- Official movie poster
- Directed by: Ben Feleo
- Written by: Ben Feleo; Ana Santos; Reynaldo Castro;
- Produced by: William Leary
- Starring: Andrew E.; Michelle Aldana; Jorge Estregan;
- Cinematography: Ernie dela Paz
- Edited by: Rene Tala
- Music by: Andrew Espiritu
- Production company: Viva Films
- Release date: December 12, 1997;
- Running time: 106 minutes
- Country: Philippines
- Language: Filipino

= Extranghero =

Extranghero is a superhero comedy film co-written and directed by Ben Feleo and starring Andrew E., Michelle Aldana, and Jorge Estregan. Produced by Viva Films, it was released on December 12, 1997.

==Plot==
Botong and his father leave their province to find a decent livelihood in Manila. Botong unknowingly tags along with a group of robbers who offer him a "job". The group breaks into a house and attempts to molest a sleeping woman. Botong recognizes the woman whose name is Kristy, realizes the ill intent of the robbers and stops them. The robbers are arrested by the police. Kristy convinces her mother, Doña Isabel, to let Botong stay in their house. He then works at their house as a househelp.

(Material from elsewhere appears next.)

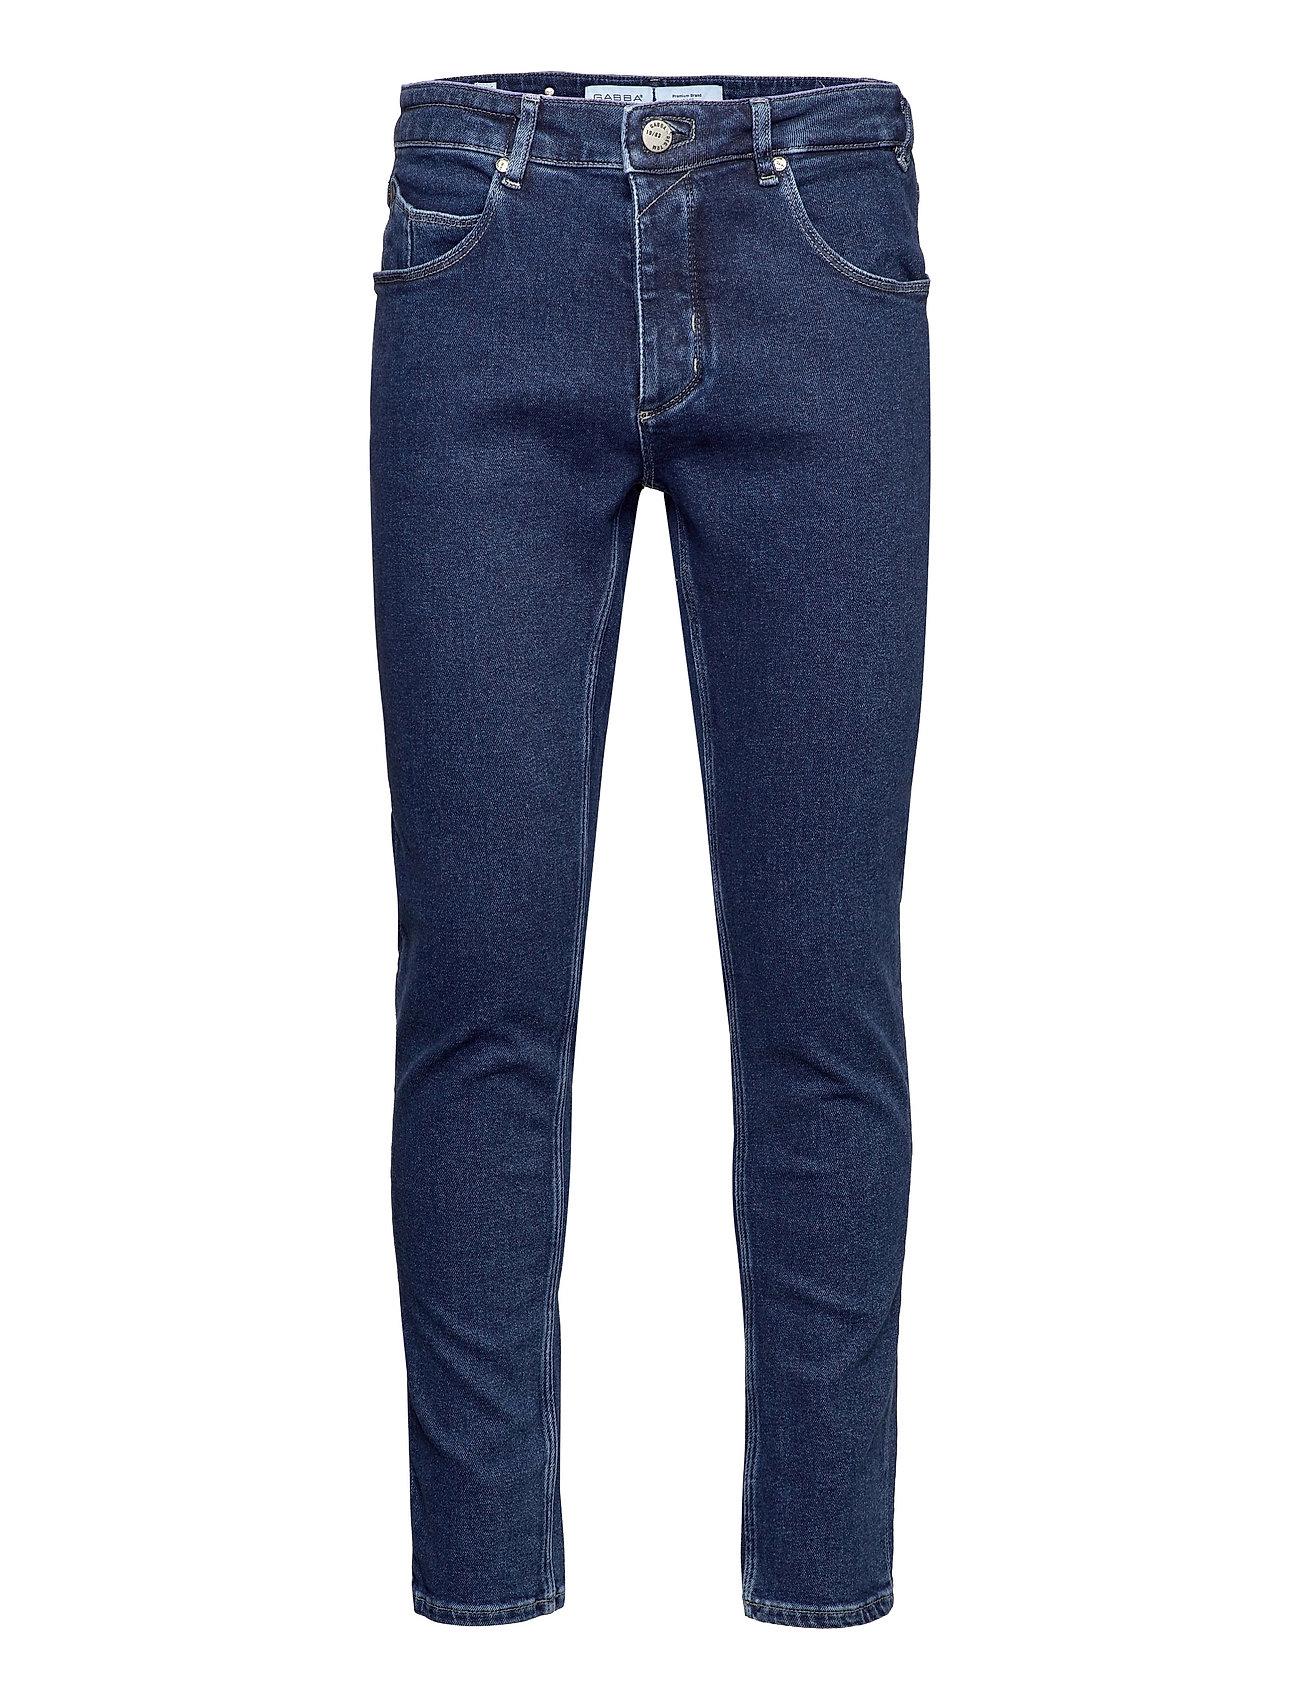 Image of Rey K3868 Jeans Slim Jeans Blå Gabba (3551194893)

Botong helps Kristy prepare for a party and the two start to develop feelings for each other. The two dance in the party. Kristy's fiancé, Ivan arrives late and sees them dancing. Irritated, he insults Botong and kicks him out of the party. Kristy's mother notices her daughter's feelings for Botong and pleads Kristy to not commit the same mistake as she did. Ivan shortly proposes to Kristy to marry him. Kristy rejects Ivan and Botong who is nearby sides with her. This ensues a fight which leads to Kristy's mother and Kristy herself to evict him for his own good. Ivan also leaves heartbroken.

Two meteors from space strike Earth. One hits Ivan while driving a car and another hits Botong. Botong goes to space due to the collision, where he talks to a celestial entity which says he will give him a "better role" beyond "being a protagonist". Botong is then sent back to Earth and finds out that he gained superpowers. He helps stop thugs and is called in the press as "Extranghero" for being an "extra" in one of his exploits. Meanwhile, Ivan, after being trapped in his burning car, extricates himself and burns a reporter covering his accident to death. His bodyguards and secretary Espertina pledge their loyalty to Ivan.

Botong and his dad end up in jail and meet the robbers Botong encountered earlier. With his powers, Botong and his father escape. The two apply for a job as a messenger and maintenance employee, with Botong using his powers to help them get hired. Botong continues to explore his powers helping others while not in costume.

Ivan uses his powers for evil with the help of his goons. Donning a costume, he introduces himself as a supervillain to the media. Ivan orders his minions to kidnap Kristy. Kristy successfully flees but is stuck in a railroad as a train approaches, only to be saved by Extranghero. Ivan then kidnaps Kristy himself and keeps her in a warehouse. Ivan then promises to Kristy that she will become his queen and have a family and they will rule the world. Kristy rejects Ivan again and Espertina objects saying Ivan promised the same to her. He reminds her that she pledged to follow his every wish. Ivan then kisses Kristy against her wishes.

Extranghero arrives and fights Ivan. Ivan entrusts Kristy to Espertina and the two women fight as well. Kristy manages to escape Espertina's custody which leads to Ivan giving Espertina some superhuman abilities. Espertina overpowers Kristy and pushes her from a platform which kills her. Extranghero is devastated while holding Kristy in his arms. Electricity appears in his hands which Extranghero uses to revive Kristy. This also gives her temporary powers so she can continue her fight with Espertina. Extranghero continues his fight with Ivan and throws a large flammable container, seemingly killing Ivan and causing an explosion.

Extranghero flies out with Kristy and leaves her with her mother. Botong arrives, feigning jealousy to his superpowered alter ego. Kristy confess and they attempt to kiss but are stopped by her mother. Botong's father arrives and tells his son that their boss is looking for them. Doña Isabel recognizes Botong's father as her husband meaning that Botong and Kristy are siblings. However Isabel disclosed that she adopted Kristy due to her separation with her long lost son meaning that the two could indeed be together.

Ivan appears, still alive, to everyone's surprise.

==Cast==
- Andrew E. as Extranghero/Botong
- Michelle Aldana as Kristy
- Jorge Estregan as Ivan
- Julie Lorette as Espertina
- Zeny Zabala as Doña Isabel
- Joji Isla as Cadio
- Blakdyak

==Music==
Filipino-Chinese rapper group, Chinese Mafia did the title soundtrack of Extranghero, "Kapangyarihan".